For first question, I believe that you have to show/explain that the only allowed solutions are ordered pairs of integers. Then the problem becomes trivial.

 

[sambarbarian]

but we were'nt meant to do it by hit and trial ( it was specified )

 

[Ray Vickson]

Hey , guys . This problem was asked in an olympiard and i don't have a clue of how to solve it.

1) If x + y = 5 and x^y + y^x = 17 .. find all possible values of x and y .

2) 16^2x+y + 16^y+2x = 1 , find all possible values of x and y .

In the first question i tried to convert the whole equation into y but that didn't work.

In the second question i got to :- 16^x + 16^y = 16^-x-y .

Question 2 is very unclear. Do you mean
16^2 x + y + 16^y + 2x = 1? That is what is meant by what you wrote. Do you mean
16^{2x} + y + 16^y + 2x = 1,
or do you mean
16^{2x+y} + 16^{y + 2x} = 1? If you mean this last one USE PARENTHESES, like this: 16^(2x+y) + 16^(y+2x) = 1.

 

[jedishrfu]

but we were'nt meant to do it by hit and trial ( it was specified )

So you do it by analysis like I kind of did. One thing about these problems is that you have to think outside of the box meaning sometimes you use you intuition and not strictly follow the rules or perceived rules.
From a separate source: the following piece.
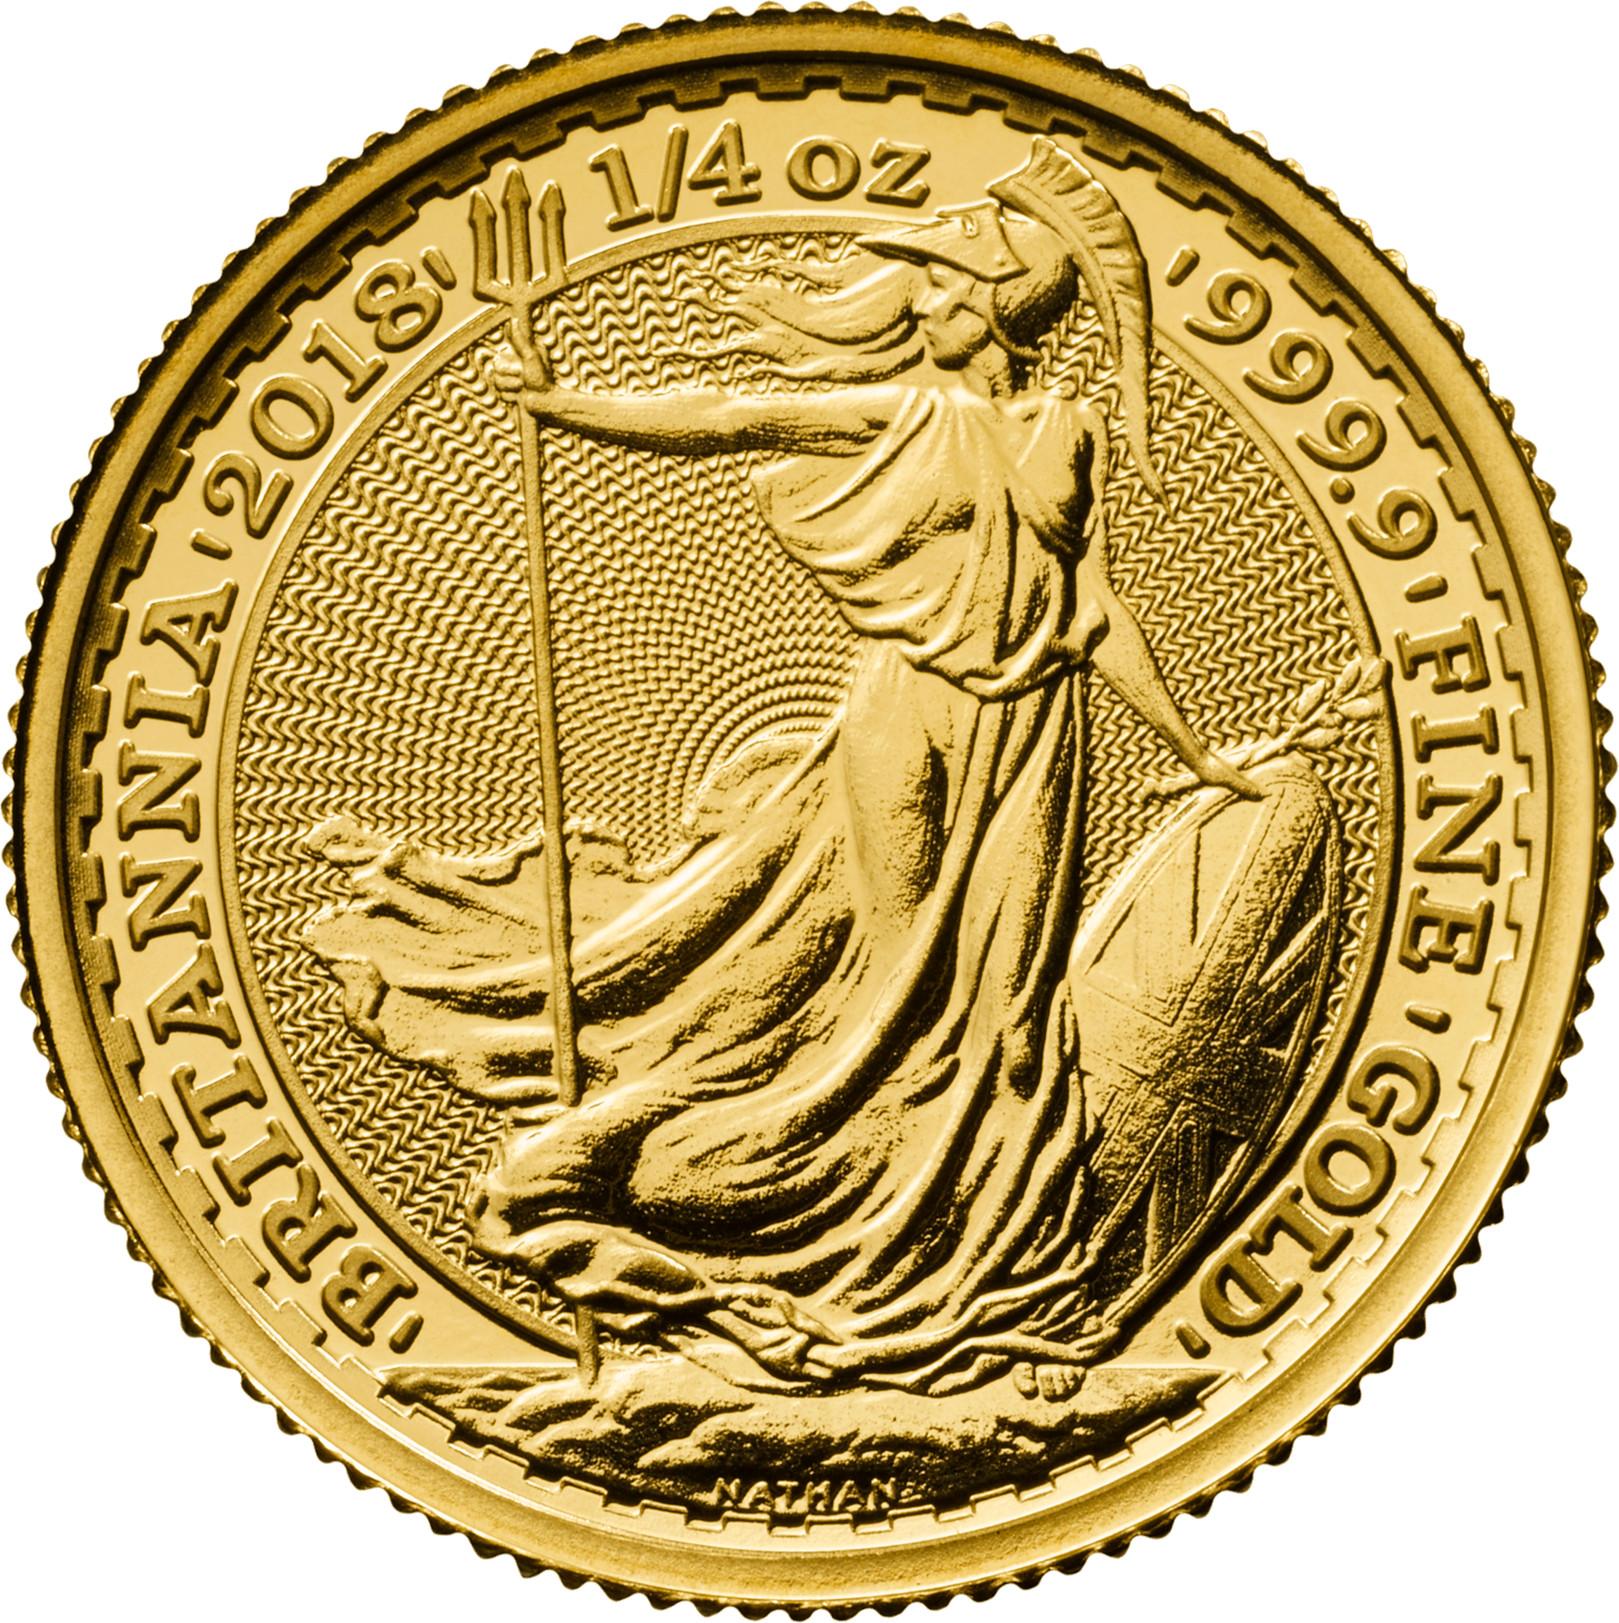 2018 Quarter Ounce Britannia Gold Coins 163 269
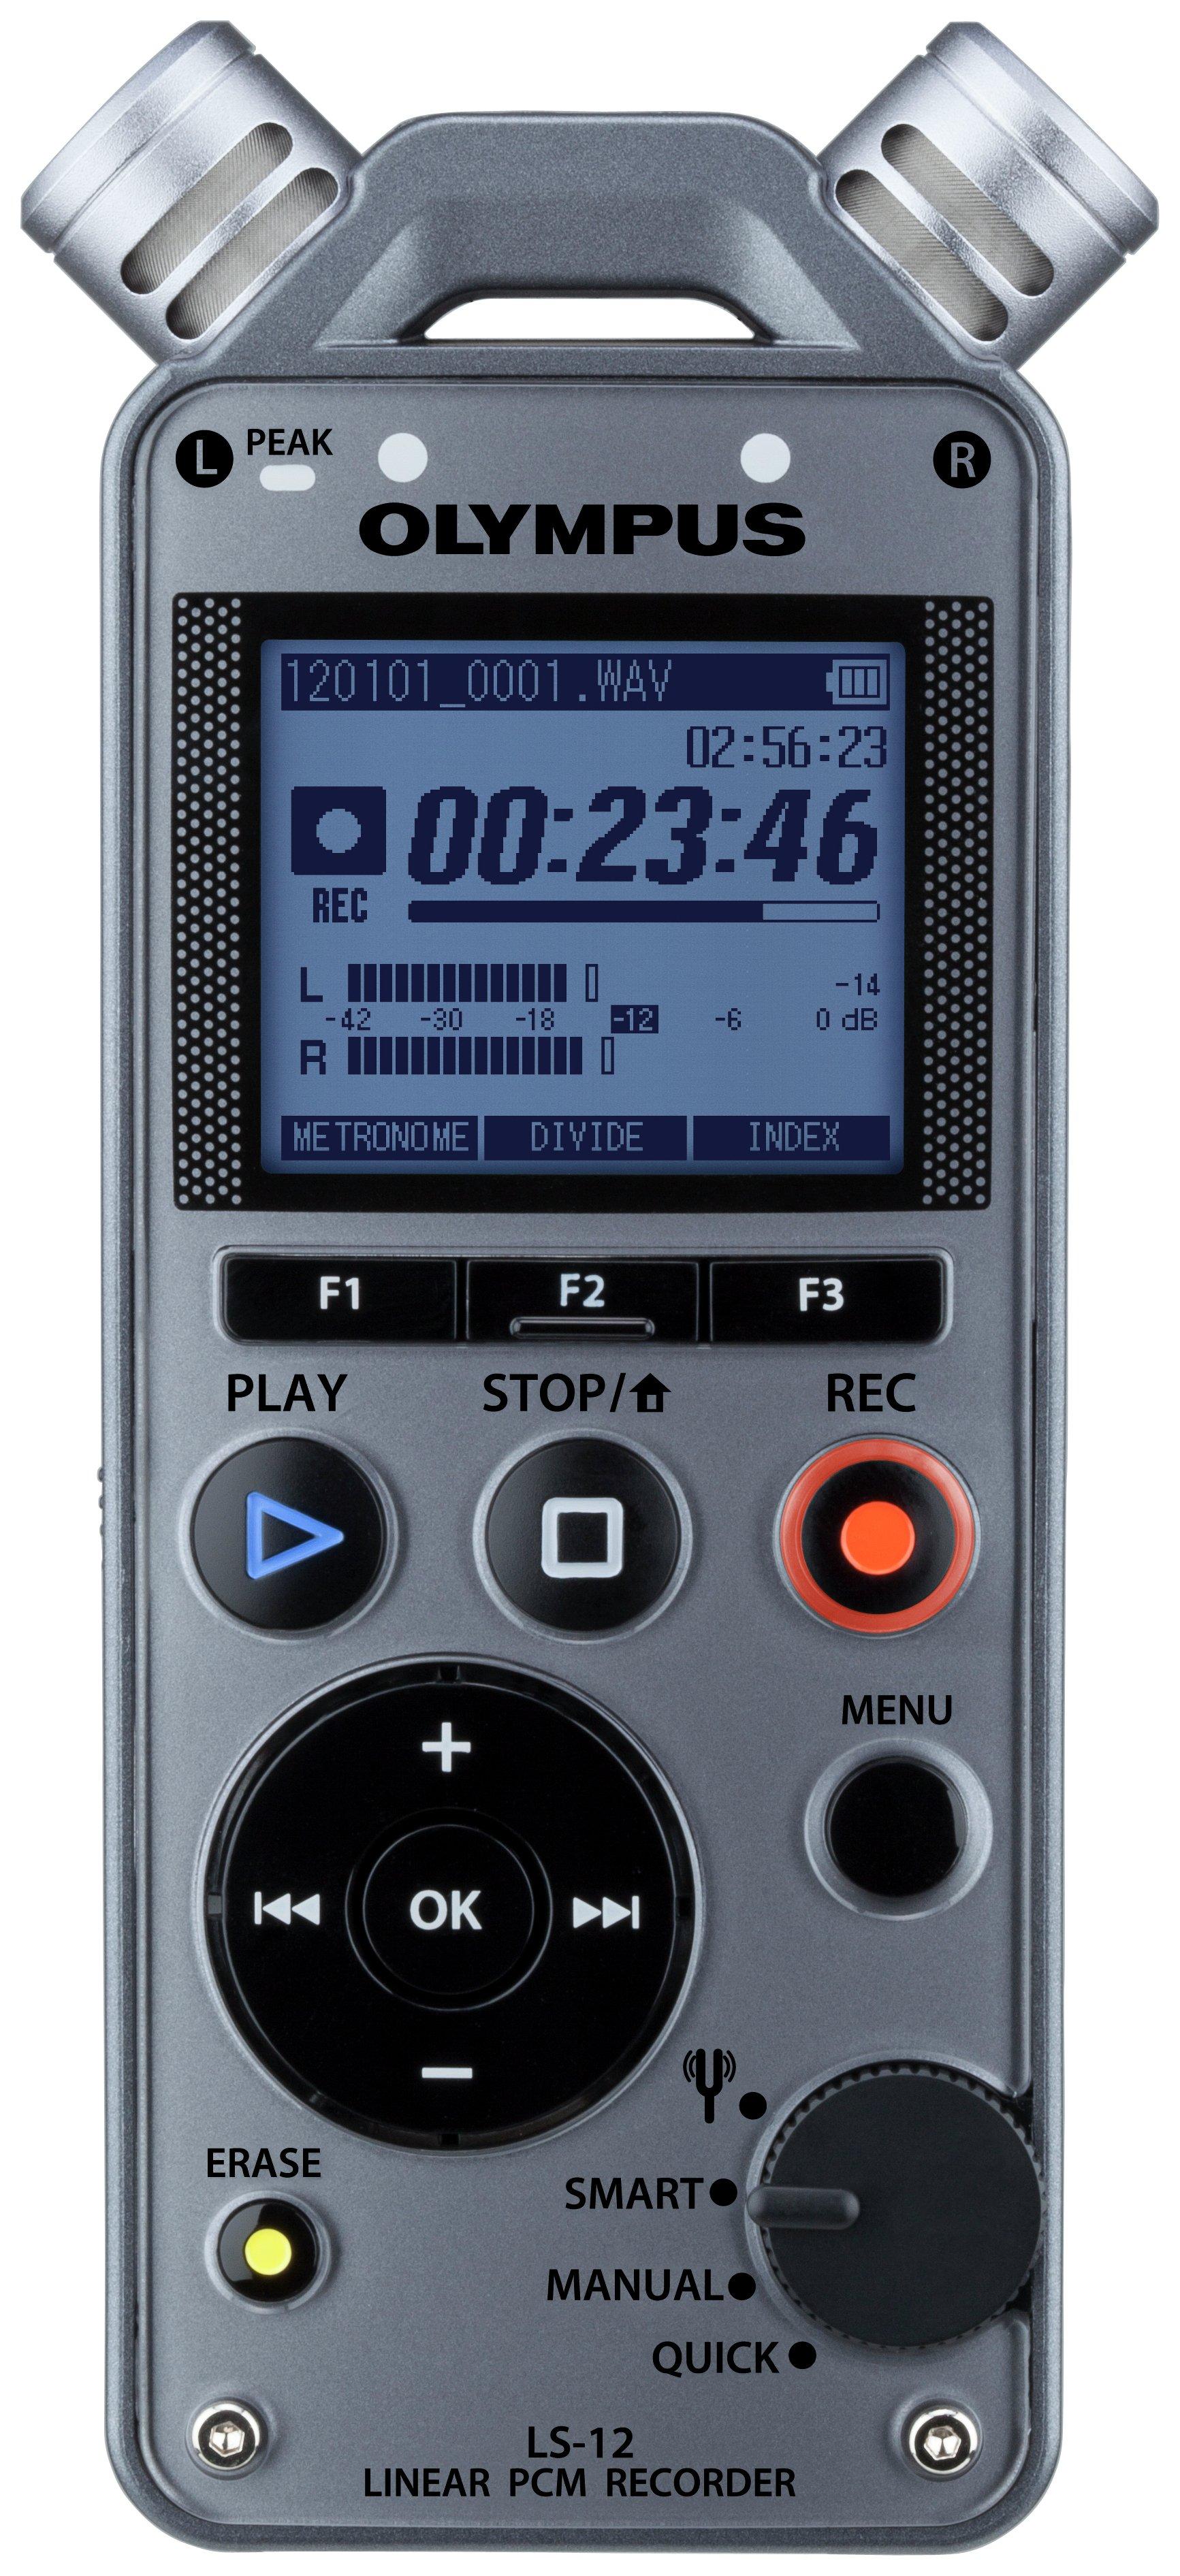 Olympus Olympus LS-12 Linear PCM Recorder.

What got me interested in this problem was its similarity to solutions to the x^y = y^x equation that my friend who many many years ago was fascinated by (I have no idea why but it was his thing to do) and he was a US MAA champion.

 

[Saitama]

I guess transforming the equation might help. Write y=5-x
Substitute y in the second equation, you get:
x^{(5-x)}+(5-x)^x=17

Now you can put some constraints on the values of x. x cannot be greater than 5 and less than 0 because that would result in a fraction. Now substitute different values of x from 0 to 5.

Hope that helped.

 

[sambarbarian]

ok , i got the first one , and the second one was 16^(2x+y) + 16^(y+2x) = 1.

 

[Mentallic]

ok , i got the first one , and the second one was 16^(2x+y) + 16^(y+2x) = 1.

Are you sure it's not supposed to be

16^{2x+y}+16^{2y+x}=1

Because what you've written is simply

2\cdot 16^{2x+y}=1